# Interesting Quotes From The Qu'ran, Selected By A Sceptic



## CaramelChocolate (Feb 11, 2005)

From http://www.skepticsannotatedbible.com/quran/index.html 

*Allah will leave the disbelievers alone for a while, but then he will compel them to the doom of Fire.* 
_2:__126__ - And when Abraham prayed: My Lord! Make this a region of security and bestow upon its people fruits, such of them as believe in Allah and the Last Day, He answered: As for him who disbelieveth, I shall leave him in contentment for a while, then I shall compel him to the doom of Fire - a hapless journey's end!_ 

*A woman is worth one-half a man.*
2:_282_ -_ O ye who believe! When ye contract a debt for a fixed term, record it in writing. Let a scribe record it in writing between you (in terms of) equity. No scribe should refuse to write as Allah hath taught him, so let him write, and let him who incurreth the debt dictate, and let him observe his duty to Allah his Lord, and diminish naught thereof. But if he who oweth the debt is of low understanding, or weak, or unable himself to dictate, then let the guardian of his interests dictate in (terms of) equity. And call two witness from among your men, two witnesses. And if two men be not at hand, then a man and two women..._

*Allah does not guide disbelievers.*
_2:__264__ - O ye who believe! Render not vain your almsgiving by reproach and injury, like him who spendeth his wealth only to be seen of men and believeth not in Allah and the Last Day. His likeness is as the likeness of a rock whereon is dust of earth; a rainstorm smiteth it, leaving it smooth and bare. They have no control of aught of that which they have gained. __Allah guideth not the disbelieving folk._ 

*Disbelievers worship false gods. The will burn forever in the Fire.* 
_2:__257__ - Allah is the Protecting Guardian of those who believe. He bringeth them out of darkness into light.
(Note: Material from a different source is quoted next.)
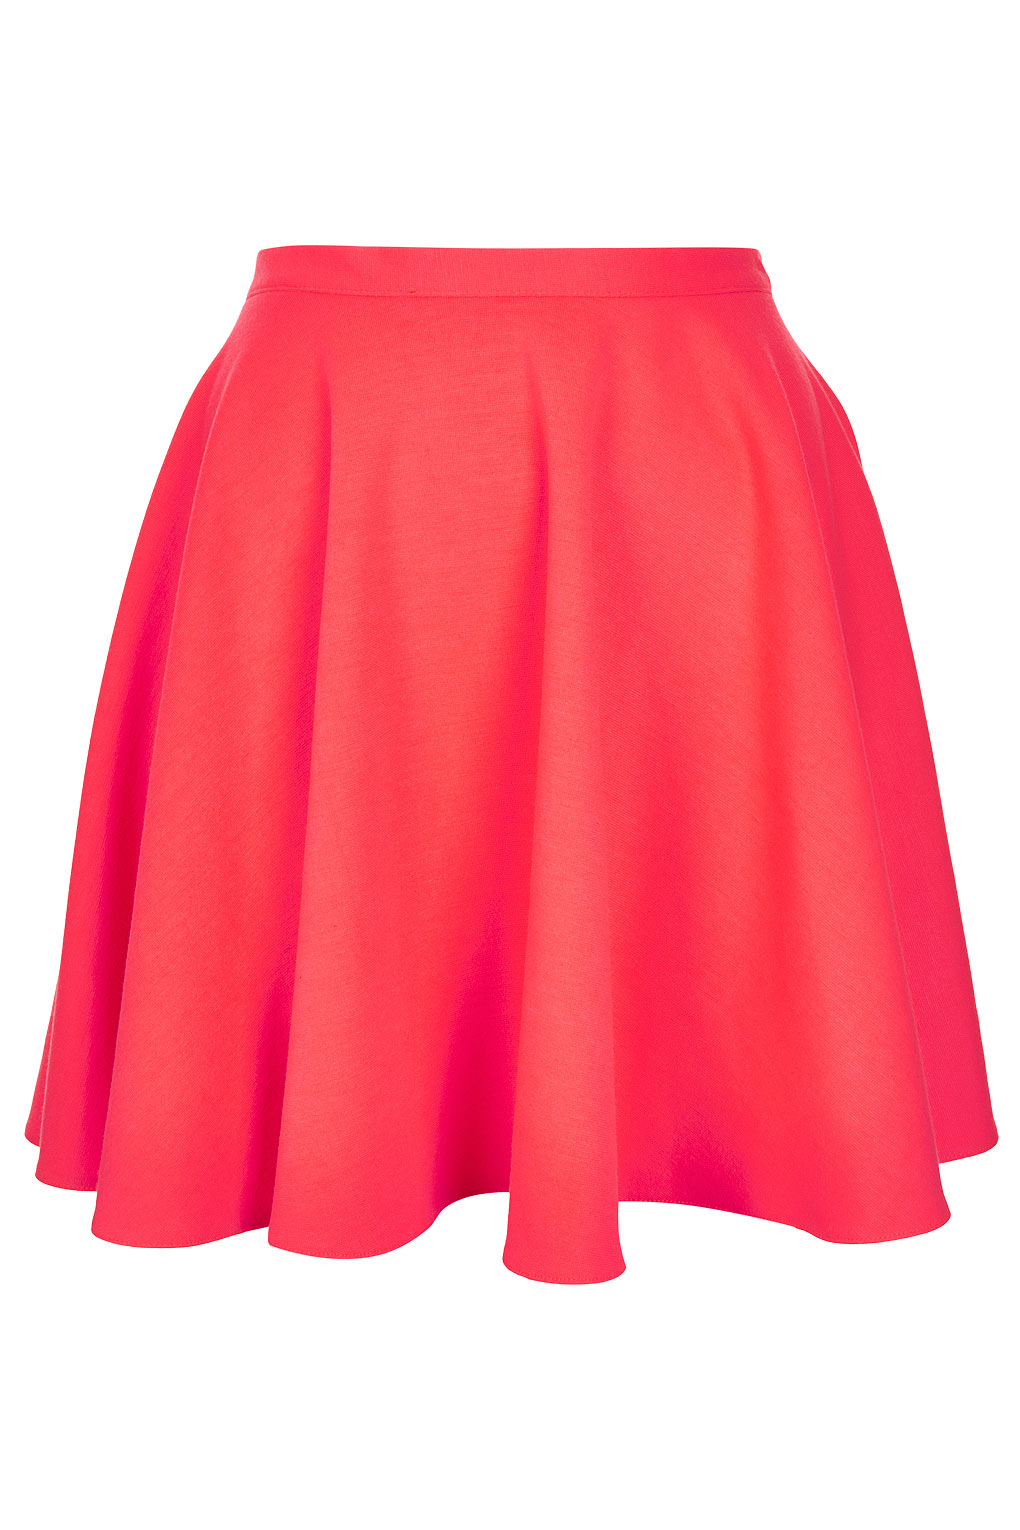 TOPSHOP Fluro Pink Skater Skirt - Lyst

As for those who disbelieve, their patrons are false deities__. They bring them out of light into darkness. Such are rightful owners of the Fire. They will abide therein._ 

*Women have rights that are similar to men, but men are "a degree above them."* 
2:_228__ - Women who are divorced shall wait, keeping themselves apart, three (monthly) courses. And it is not lawful for them that they should conceal that which Allah hath created in their wombs if they are believers in Allah and the Last Day. And their husbands would do better to take them back in that case if they desire a reconciliation. And they (women) have rights similar to those (of men) over them in kindness, and men are a degree above them. Allah is Mighty, Wise._

*Have sex with your women whenever and as often as you like. *
2:_223_ _- Your women are a tilth for you (to cultivate) so go to your tilth as ye will, and send (good deeds) before you for your souls, and fear Allah, and know that ye will (one day) meet Him. Give glad tidings to believers, (O Muhammad)._ 

*A hypocritical Jew looks like an {censored} carrying books. Those who deny the revelations of Allah are ugly.* 
_62:__5__ - The likeness of those who are entrusted with the Law of Moses, yet apply it not, is as the likeness of the {censored} carrying books. Wretched is the likeness of folk who deny the revelations of Allah. And Allah guideth not wrongdoing folk._ 

*Allah has turned some people into apes and swine.* 
_5:__60__ - Shall I tell thee of a worse (case) than theirs for retribution with Allah ? (Worse is the case of him) whom Allah hath cursed, him on whom His wrath hath fallen and of whose sort Allah hath turned some to apes and swine, and who serveth idols. Such are in worse plight and further astray from the plain road._ 

*Those who deny Allah's revelations are deaf and dumb. Allah will send them astray.* 
_6:__39__ - Those who deny Our revelations are deaf and dumb in darkness. Whom Allah will sendeth astray, and whom He will He placeth on a straight path._


----------